In rural (and some urban) schools in South Africa, absenteeism data are typically collected on paper by teachers. The reason for absenteeism is not recorded as part of a follow up when the learner returns to school (unless, for example, in the case of a long illness when a confidential doctor’s note would be provided by the learner to the teacher). If one were to gather the reason for absenteeism for a learner when they returned to work, one would need to ask the teacher to complete a form for each learner; however, teachers have heavy workloads, and this may be too onerous a task to ask of them. One could station a permanent fieldworker at the study for the duration of the study period to conduct these follow-up activities. In this way, the reason for absenteeism could be captured by the fieldworker when the learner returned to school, of course, gathering the reasons within the rights of privacy of information. Data completeness was a challenge when working in rural areas, and alternate methods for capturing data, especially absenteeism records and reasons for absenteeism, should be considered, such as a permanent fieldwork on site. One might also consider using tablets or mobile phones where electricity and internet connectivity are available.
It is also important to consider the timing of exposure to ‘risky’ temperature and absenteeism—a child may experience sitting in a classroom with indoor classroom Tapp levels causing ill health effects and be absent the following day; or a child may wake up and feel outdoor Tapp/temperature levels and decide not to go to school (i.e., be marked absent). In another instance, a child may sit in a cold classroom for three days and on the fourth day does not attend school—possibly due to cold-related illness (although other reasons may exist too). Given the study design, we were not able to ascertain these relations, but future studies may consider doing so by using time-activity diaries.

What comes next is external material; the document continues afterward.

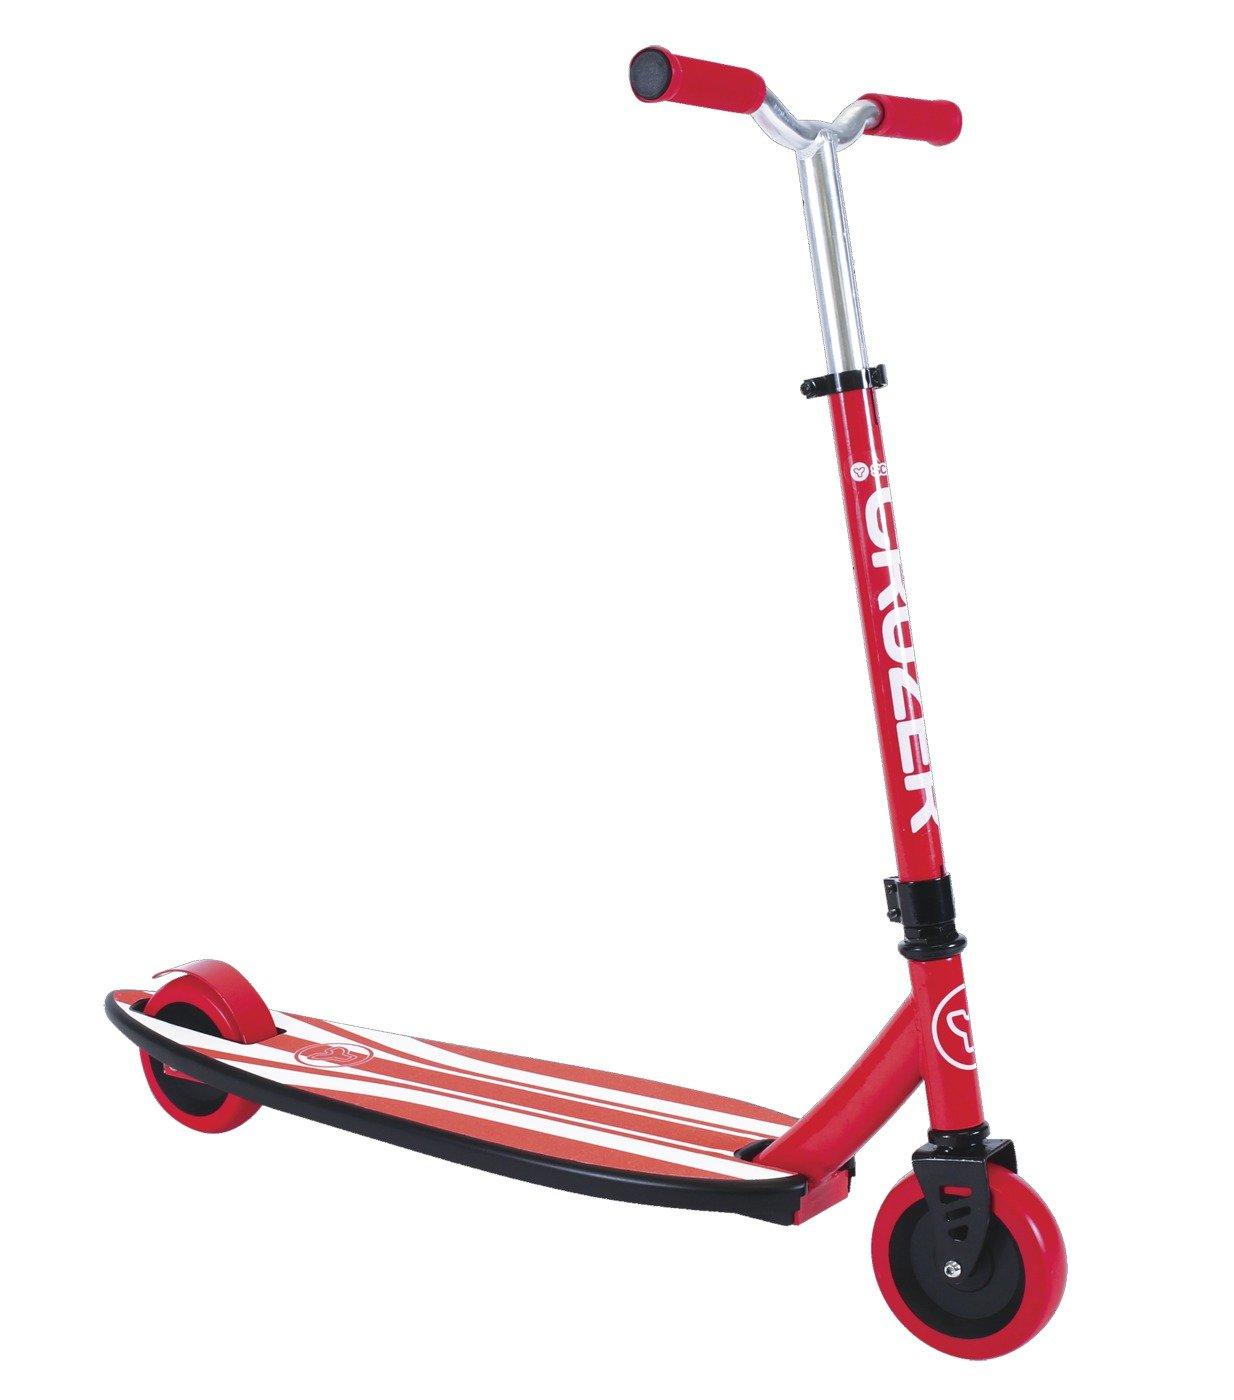 【送料無料キャンペーン?】 Yvolution Y Scoot Scoot Cruzer Skateboard, Red by Y by Yvolution B00OXUQP3Y, イシバシ楽器 WEB SHOP:f78328f8 --- a0267596.xsph.ru

Time-activity diaries can be conducted on paper or using a tablet (with the considerations mentioned above borne in mind); however, they can be onerous on children and participant fatigue may occur. The presence of a permanent school-based fieldworker may assist in increasing the likelihood of participant compliance.
An important consideration in the study of reasons for absenteeism is that multiple factors besides meteorological or climate factors may play a part. Using a questionnaire for parents/guardians can assist with some of these data. In the case of our study, it was likely that given the education level among the parent/guardian population we surveyed, poor literacy may have influenced the completion of the questionnaire and/or the participation in the study. Face-to-face interviews would have helped to resolve this but are costly in a rural setting. The reasons for the latter are the need for fieldworkers who travel to learners’ homes to conduct interviews.
Finally, additional factors such as public holidays and events, and other anomalies should be considered. While we considered school and public holidays, we only became aware of the impact of a public holiday when looking at one specific anomaly: this related to the day after a public holiday when learners may have been away with family for the day and did not return home until the following day, for example. Such intricacies associated with reasons for learner absenteeism would be best understood by social scientists and social anthropologists. Therefore, a large, multidisciplinary research team should be gathered when trying to unravel the effect of temperature on learner absenteeism.

5. Conclusions

Large differences of up to 5 °C were seen between indoor classroom and outdoor temperatures, with classrooms being either colder or warmer than the outdoor environment depending on the season. These differences were seen to be related to absenteeism among learners, although several other factors also influence learner absenteeism. Classroom characteristics affected indoor classroom temperatures; hence, thermal comfort should be considered in the design of school buildings for optimal attendance and performance among learners. Our findings have implications for the Department of Education in South Africa and similar settings. There is an obligation to consider temperature and thermal comfort in schools, in terms of design, materials, orientation, ceilings, cooling mechanisms, crowding, shade/greening, early warning systems, etc., given that temperature increases associated with climate change need to be considered now. Furthermore, given possible relationships between temperature and absenteeism, there is also a learning imperative to consider thermal comfort as a fundamental element of school planning and design. These findings support the need for action to climate-proof school classrooms to ensure safe, healthy environments in which learners can learn and work to ensure quality education, and a need highlighted by SDG 4–Quality Education.

Author Contributions

Conceptualization, C.Y.W., V.P. and A.M.; methodology, C.Y.W., V.P. and A.M.; analysis, T.K., N.A., Y.B. and V.P.; investigation, V.P., Z.K. and M.M.; writing—original draft preparation, C.Y.W., T.K., B.W. and V.P.; writing—review and editing, all authors; supervision, C.Y.W., A.M. and P.M.; project administration, C.Y.W.; and funding acquisition, A.M. All authors have read and agreed to the published version of the manuscript.

Funding

This research was funded by the South African Medical Research Council, grant number CCHHSA 40037.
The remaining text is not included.